After the specified number of epochs, the training process ends. The last created checkpoint will be your final model. You can find the model in <path to output directory>/checkpoints.

Now that we have the trained model, we can compute the metrics on the test set and use it in a pipeline.

As you can see, the results we get are poor. This is expected, we are using only 4 training videos, which means that the network does not have enough data to learn.

To obtain better results, you should use a larger dataset.

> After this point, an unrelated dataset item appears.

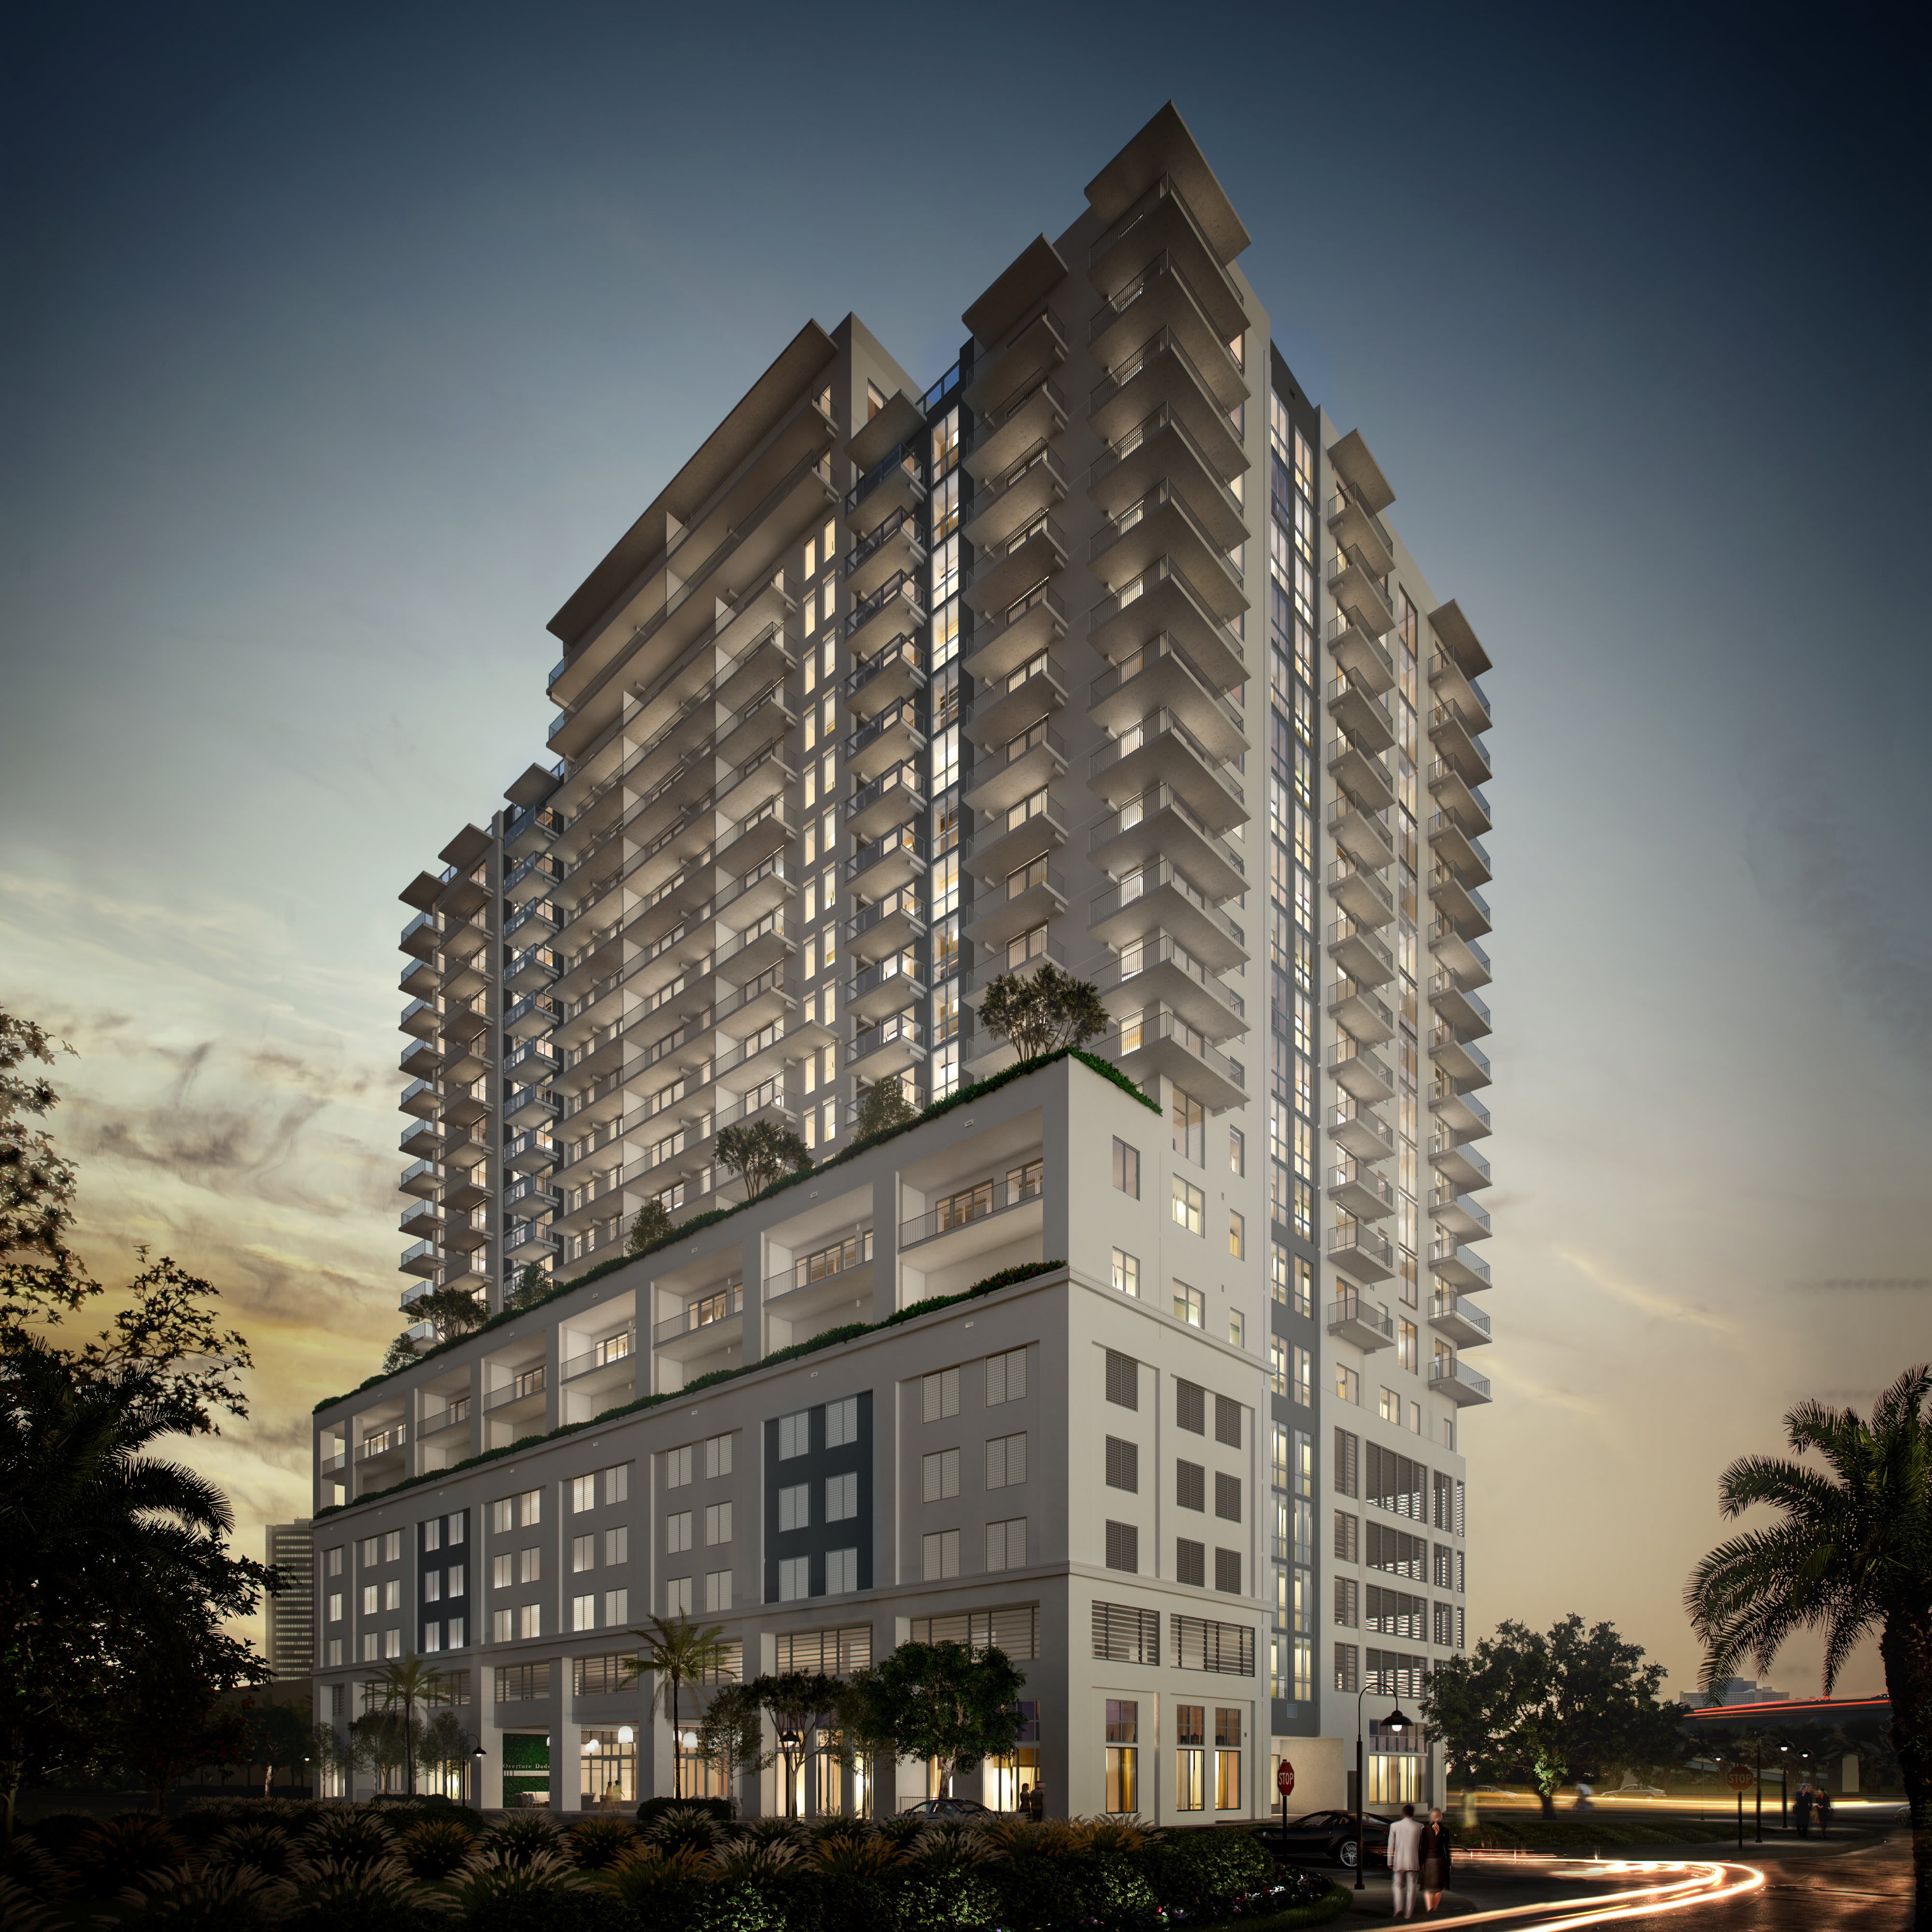 Overture Dadeland (not active) community exterior

However, this will require enough space to store all the data locally and might require several hours of processing.


Finally, we can use our trained model in a pipeline.

You can use it in our sample Python pipeline or C++ pipeline.

To run our C++ pipeline:

  • First, export the model as a torchjit model:


    cd <path to export_detector.py>
    python3 export_detector.py <path to checkpoint> <output directory for the exported model>


    cd <path to export_detector.py>
    python export_detector.py <path to checkpoint> <output directory for the exported model>
  • Launch the Metavision Detection and Tracking Pipeline (note that you need to compile it first as explained in the sample documentation)


    metavision_detection_and_tracking_pipeline --record-file <RAW file to process> --object-detector-dir <path to the exported model> --display


    metavision_detection_and_tracking_pipeline.exe --record-file <RAW file to process> --object-detector-dir <path to the exported model> --display

Next steps

In this tutorial, we used a labeled dataset to train a model and then, the resulted model was used in a pipeline to detect objects. You have seen how it is possible to benefit from machine learning using event-based data. To make the most of machine learning and event-based data and obtain the best results for your application, we suggest you to continue exploring the ML documentation and start enjoying the power of Metavision ML.